Unexpected use of topology in proofs
One of the richest sources for this is geometric group theory, and especially the parts of it that construct topological spaces corresponding to particular groups (schreier graphs, cayley complexes, BG spaces etc.) For example, the proof that any subgroup of a free group is free (Nielsen Schreier) epitomizes how topological arguments greatly simplify some parts of group theory.
There are proof methods for theorems from discrete geometry that utilize methods from equivariant topology (such as the ham-sandwich theorem via Borsuk ulam.) These use the CS/TM paradigm, which studies maps between the space of "geometric configurations" to the "Space of viable solutions."
See here for a general reference and wikipedia for a shorter exposition.
There are some other miscellaneous examples that I know of:
Bezout's identity via separating curves (assumes the euclidian algorithm in disguise.)

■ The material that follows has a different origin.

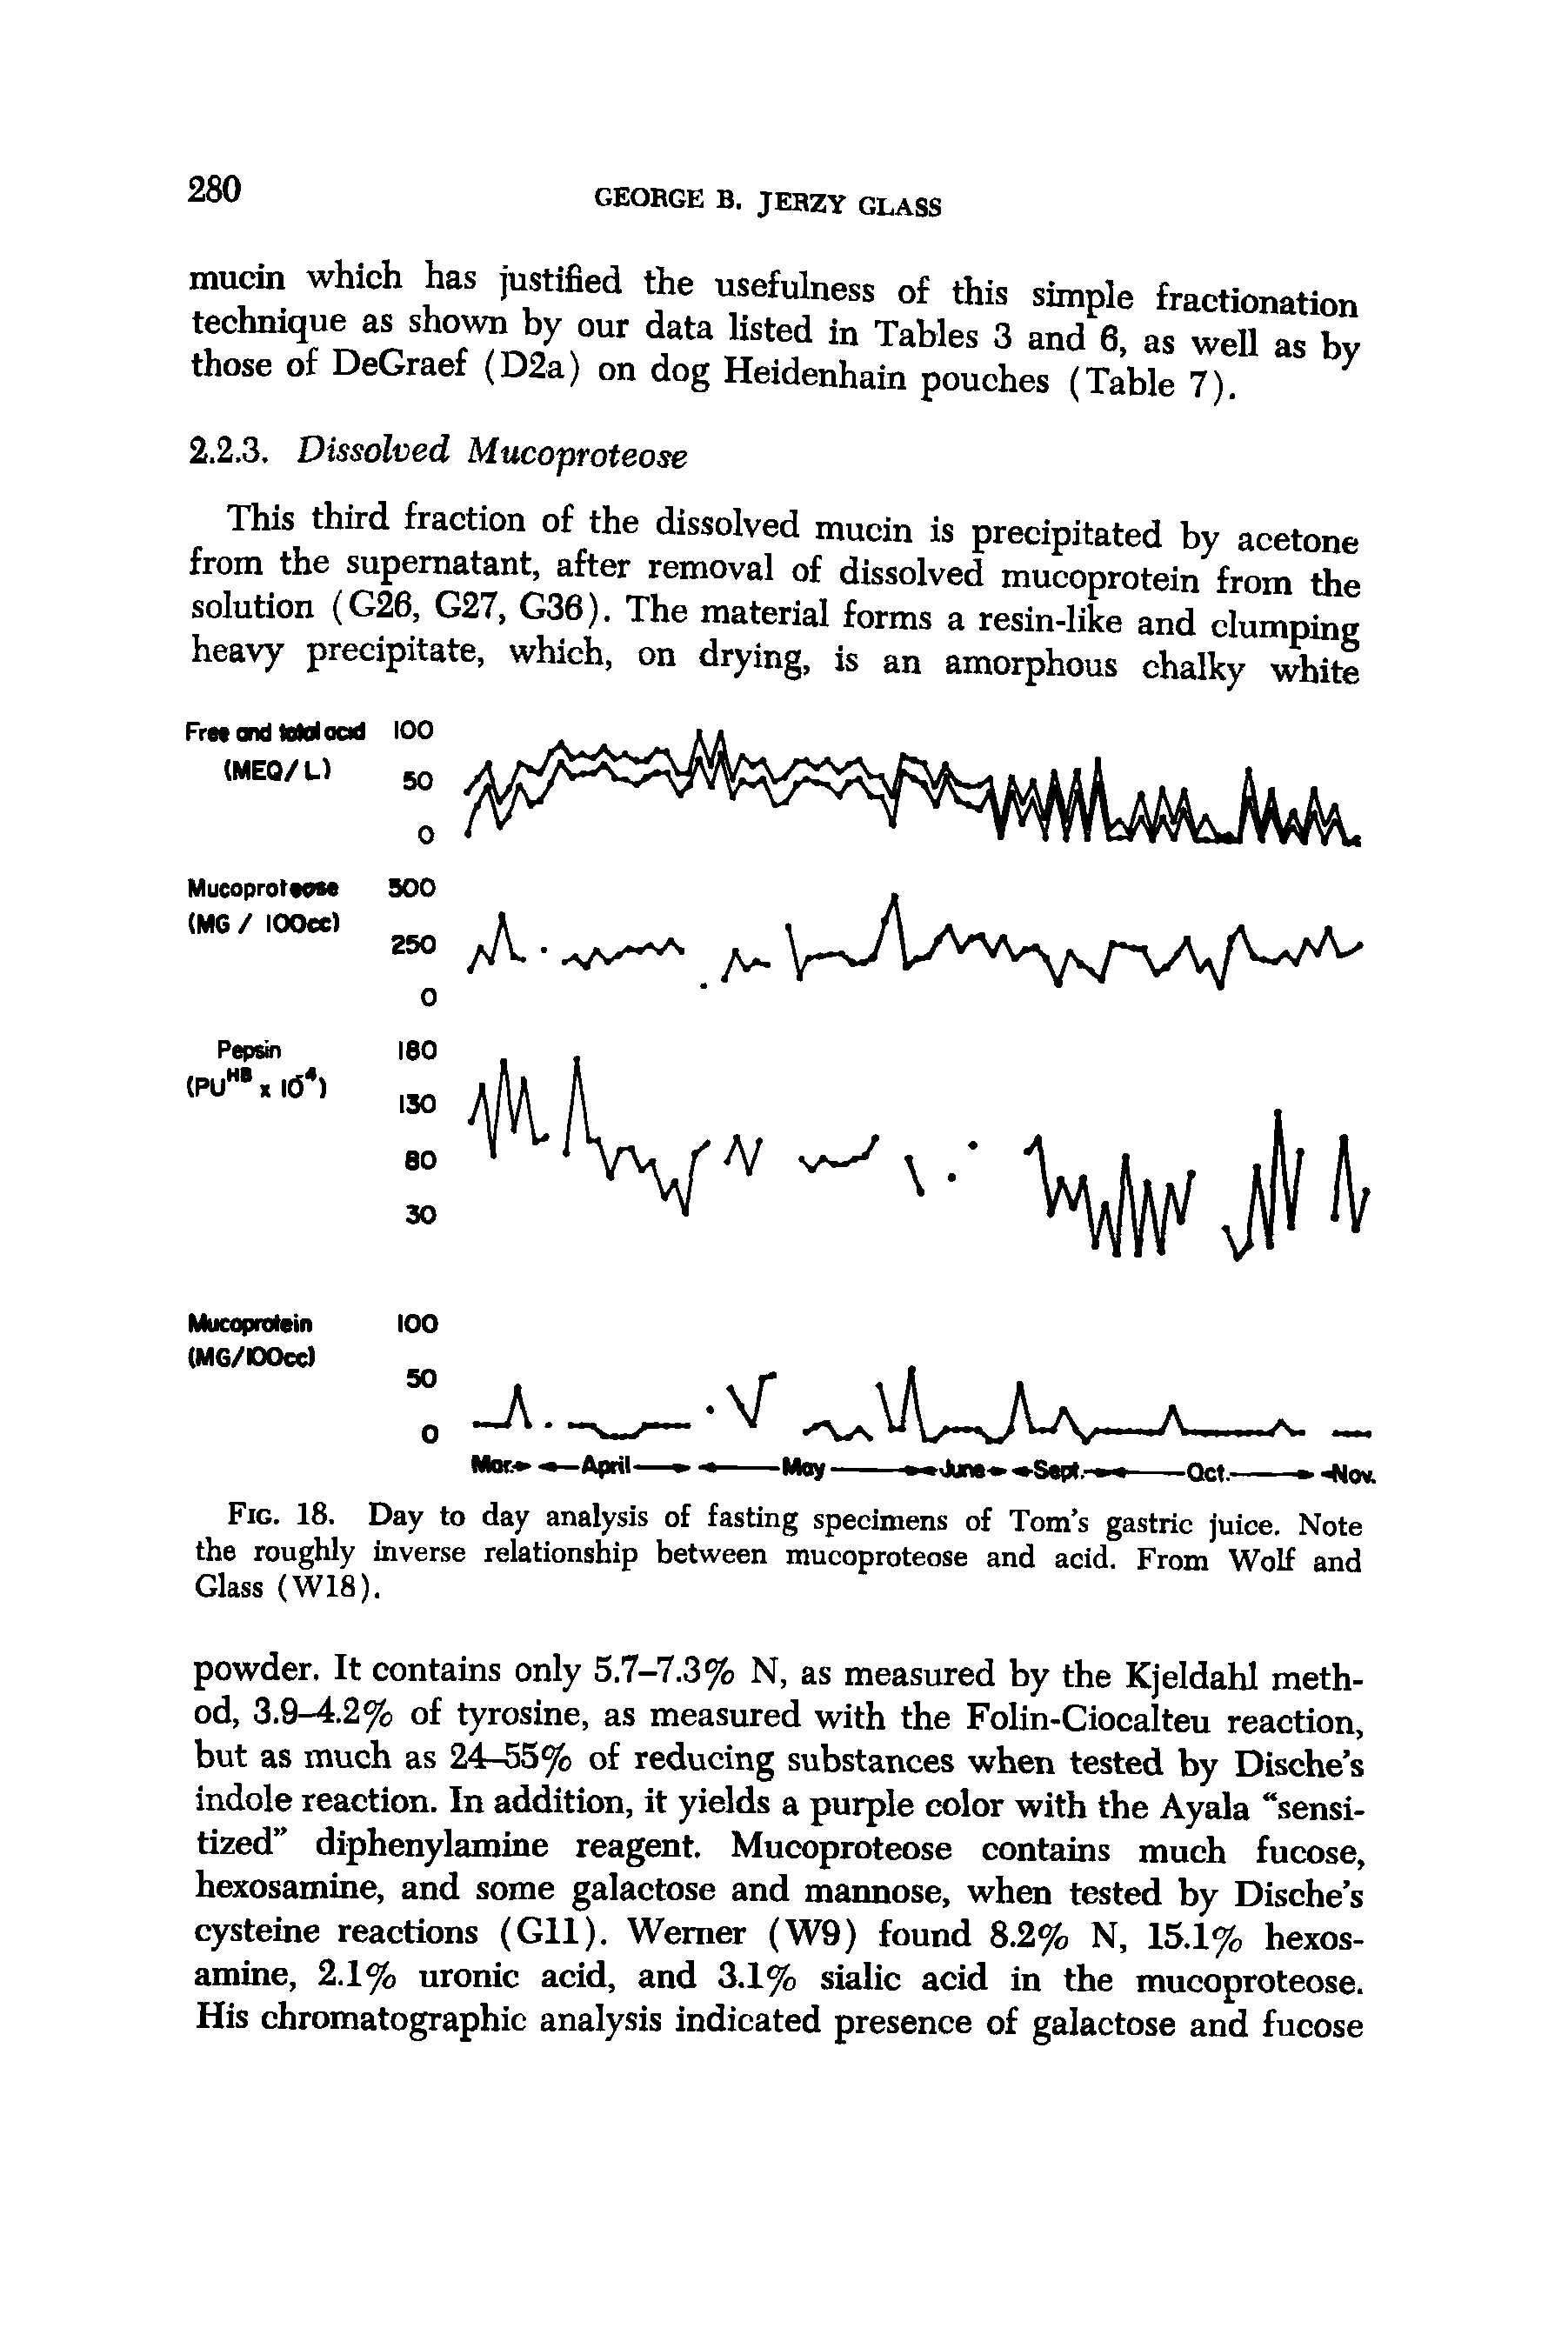 Fig. 18. Day to day analysis of fasting specimens of Tom s gastric juice. Note the roughly inverse relationship between mucoproteose and acid. From Wolf and Glass (W18).

Fundamental Theorem of Algebra (resp. existence of eigenvalues) via lefschetz fixed point theorem
the use of "Denseness arguments" in algebraic geometry (such as cayley-hamilton).
How about the Nielsen-Schreier theorem? The statement of the theorem is entirely algebraic:
Every subgroup of a free group is free.
To prove it, we use algebraic topology: the free group on $n$ generators is the fundamental group of the bouquet of $n$ circles, and any subgroup of the fundamental group is the fundamental group of some covering space of this bouquet. Then it's a matter of using topological arguments to show that every covering space of the bouquet of $n$ circles is itself homotopy equivalent to some bouquet of circles.
One of the proofs of the Fundamental Theorem of Algebra uses topology.